Hier noch eimal einige Fakten: Teichmaße 10,x 3,5x 1,5 ( L-B-T )+ 1,00 breiter Pflanz-Bachlauf brutto abzüglich Einschalung-netto ca 0,60 breit,  (auf gesamte Länge des Teiches)

 Mitte September habe ich Urlaub, dann soll der Umbau erfolgen......aber da ich es kaum erwarten kann  habe ich schon ein bisschen angefangen ! 
das war eine Schweine Arbeit das __ Schilf am alten Teichrand ausbuddeln.
Foto 
Ich hoffe ihr könnt die weiße Schnur auf den Foto erkennen, dort wird eine Mauer aus Betonschalsteine gebaut- Höhe wird 15cm über Teichniveau sein,(der jetzige Erdwall bleibt erhalten!) 
die rote Schnur ist zeigt die Teichmaße an. Zwischen weißer und roter Schnur 
ist die Breite 1 m, hier soll der Pflanzbachlauf entstehen.

Foto 
Foto 

Skimmer und BA sollen zu meinen 4 Tonnen-Filter gehen.( ich höre Jürgen schon wieder meckern:beeten ,da er ja nicht sonderlich begeistert ist von diesem System, aber lieber Jürgen... damals kannte ich noch nicht Euer Forum,  sicherlich würde ich heute den Filter anders bauen:__ nase . Ich muß aus finanziellen Gründen erst einmal mit meinen Tonnen- __ Filtersystem auskommen,aber  vielleicht könntest zu mir helfen dieses System zu optimieren. bitte, bitte :beeten 
( Ich denke da an 100er Anschlüsse für An- und Verbinder sowie für die Schmutzabflüsse 
Foto 

Foto  das neue Sieb!
Die 1. Tonne wird der Siebfilter, dann folgen die 3 anderen.( Bestückung  ??? An Filtermedien habe ich noch 600ltr. Filterwürfel( verteilt auf 6 Säcken. 20  Stk. 50cm Bürsten , 100 l gemischte Igel und div.Bioblöcke und  4 Filzdecken( Transportdecken ohne Giftstoffe = 4 fach zusammen gelegt)
Ich möchte gerne mein System in Schwerkraft betreiben,...geht das?? Der Ablauf soll dann den Bachlauf speisen.Foto    Hier solle eine Filterkammer auf Teichhöhe entstehen (ersteinmal für meine Tonnen-später wenn Geld kommen Zwischenwände rein für die einzelnen Kammer. Der Vorteil dieses Stellplatzes
Der Abwasserkanal ist in unmittelbarer Nähe und 2. hier stört die Anlage keinen:smoki 
Wäre super wen Ihr mir helfen würdet meinen Traum zu verwirklichen!!
Danke


----------



## toschbaer (24. Aug. 2008)

*AW: detlef's Teichumbau*

Hallo Detlef,

:willkommen bei den Teich- :crazy

 es gibt viel zu tun, fang schon mal an !!! 
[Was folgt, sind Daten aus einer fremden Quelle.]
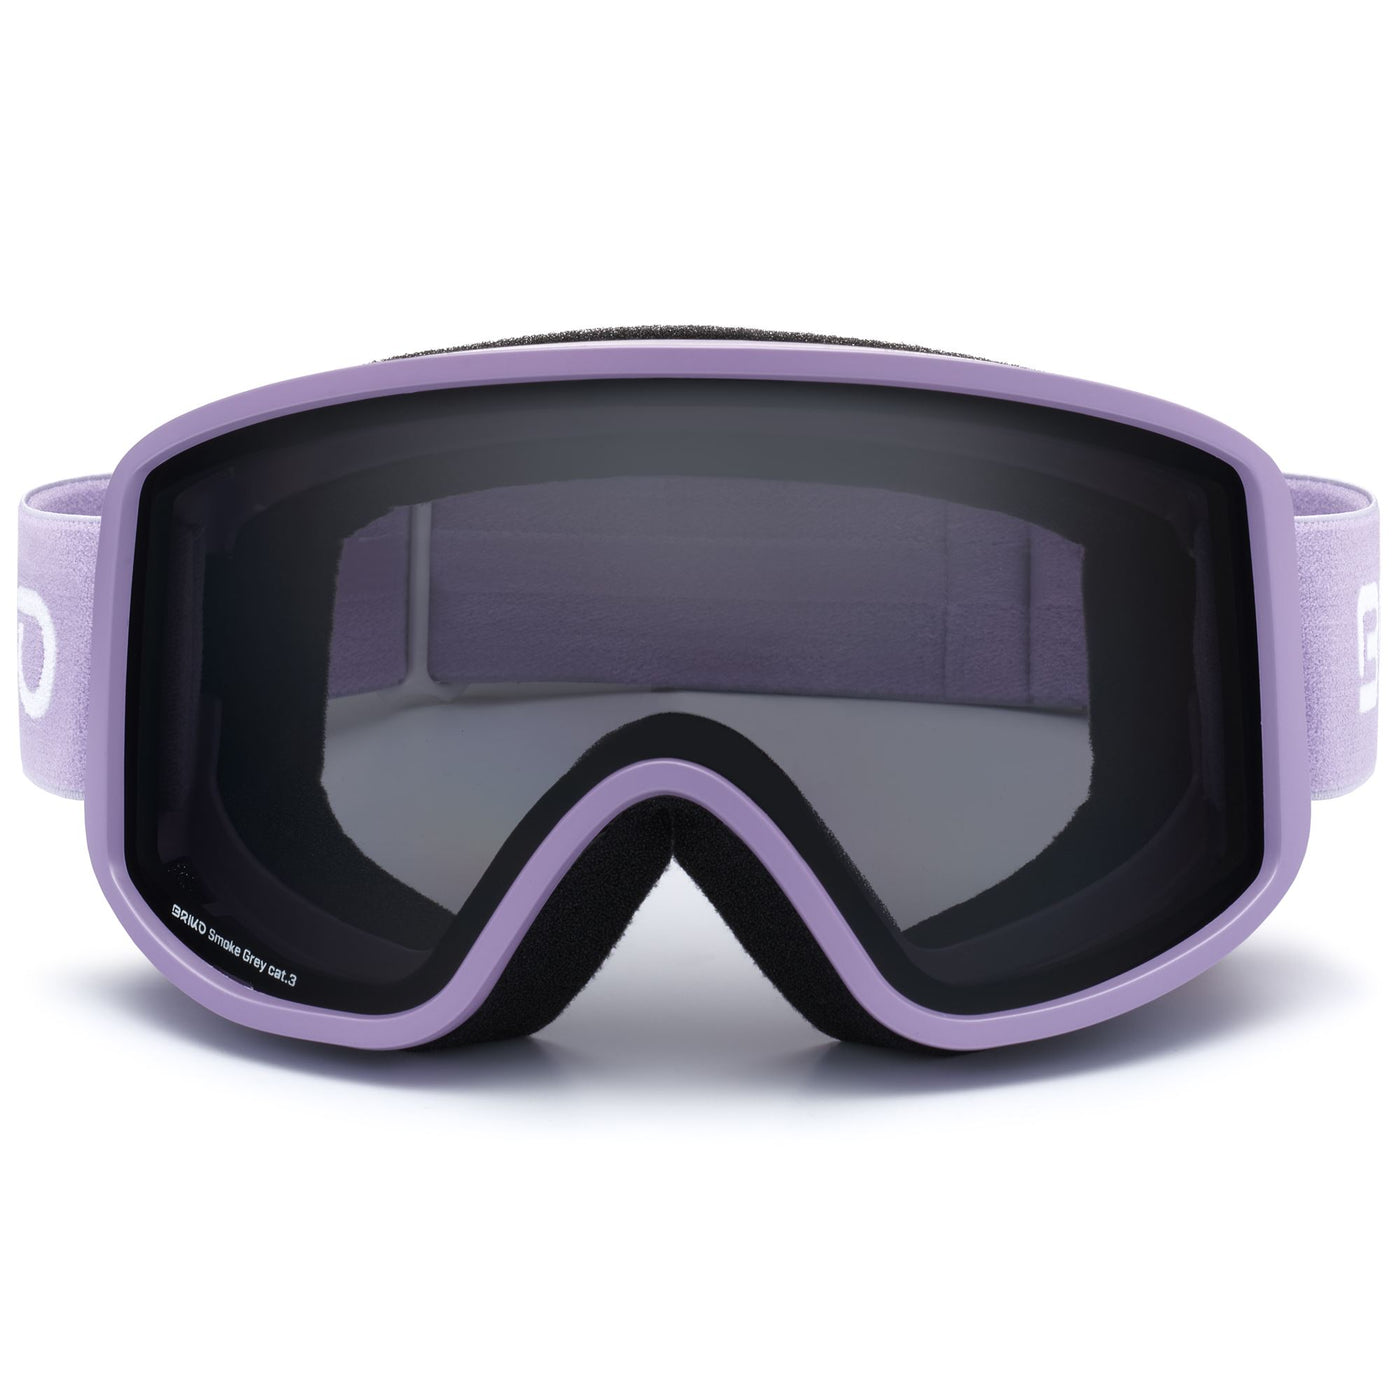 Goggles Unisex HOMER Ski  Goggles VIOLET EAST SIDE -SG3 Photo (jpg Rgb)

Hier werden Sie geholfen  

hmmm und der Jürgen  oder Heike (der beste Filterbauer  bitte), der mit dem filter .....
öhmmm   
wird Dir bestimmmt helfen, oder ?????

LG
Friedhelm


----------



## dobbi1 (27. Aug. 2008)

*AW: detlef's Teichumbau*

moin, moin

Auf der suche nach einen günstigen Folien-Anbieter,
bin ich auf dieses Angebot gestoßen...


SIWOPLAN® FPO Sondertype "superflex"
ohne Gewebe mit 0,5 mm Stärke

Hat jemand von Euch Erfahrungen mit dieser Folie?
oder

kann mir jemand eine gute Adresse nennen?

Vielen Dank

LG detlef


----------



## Annett (27. Aug. 2008)

*AW: detlef's Teichumbau*

Hallo Detlef,

lies mal hier Beitrag #5 und in #8 den Anhang....
Allerdings haben die Preise schon ein paar "Tage" auf dem Buckel - kein Ahnung, ob die alle noch aktuell sind.


----------



## dobbi1 (2. Sep. 2008)

*AW: detlef's Teichumbau*

moin,moin
@ Annett
vielen Dank für deine Infos. 120qm Folie ist bestellt :smoki ...etwas verspätet aber nicht vergessen danke auch für deine Einladung, komme gerne darauf zurück  


Foto 
Die Teichmauer ist fast fertig

Foto 
Hier kommt der Anschluß für BA+Skimmer,sowie die Filtergrube hin!


Foto 
Das war unser Traumgarten


----------



## Annett (2. Sep. 2008)

*AW: detlef's Teichumbau*

Hallo Detlef.

Freut mich, wenn ich helfen konnte.  

Aber mit der Einladung, da verwechselst Du sicher was... vermutlich meinst Du Dodi und nicht mich. 
Ich wohne nämlich nicht im Norden, sondern eher östlich.


----------



## dobbi1 (6. Sep. 2008)

*AW: detlef's Teichumbau*

moin, moin

gestern haben wir den alten Gartenteich platt gemacht, Es war schon eine mächtige Schufterei  Erst Wasser raus ,sehr viele Fische angeln,__ Frösche in Sicherheit bringen, das schlimmste der Schlamm am Teichgrund.... bestimmt 2qm  ...1Tonne Feldsteine  Pflanzen..etc.Foto 
Folie und Vlies raus, neuen Teich abgesteckt( mit Schnur und Pfosten) ich betone das nur....weil, lest bitte weiter

Heute war Bagger-Tag
Foto 

Leider hat sich wieder das bewahrheitet wovor ihr immer gewarnt habt, lasse nie einen Baggerführer alleine :evil ........Foto 
gute 40qm3, das war doch einiges mehr als ich geplant habe. In meiner Grube würde jetzt auch ein Pool passen :shock  steile Wände ..ne, ne     und das schlimmste sind die arme dicken Birkenwurzeln, eine wollte der Baggerführer rausreissen, mit dem Erfolg, das mir der Wall vor der Teichmauer auf dem der Bachlauf angelegt werden sollte zum Teil einstürzte, ich könnte heulen.  Foto 

Wenn das so weiter geht , werde ich wohl nie fertig und verliere den Mut für mein Teichprojekt  
LG detlef


----------



## Vespabesitzer (7. Sep. 2008)

*AW: detlef's Teichumbau*



			
				dobbi1 schrieb:
			
		

> ohne Gewebe mit 0,5 mm Stärke



moint detlef,..

du hast ja die Folie bestellt,.. ist es bei der 0,5mm Stärke geblieben??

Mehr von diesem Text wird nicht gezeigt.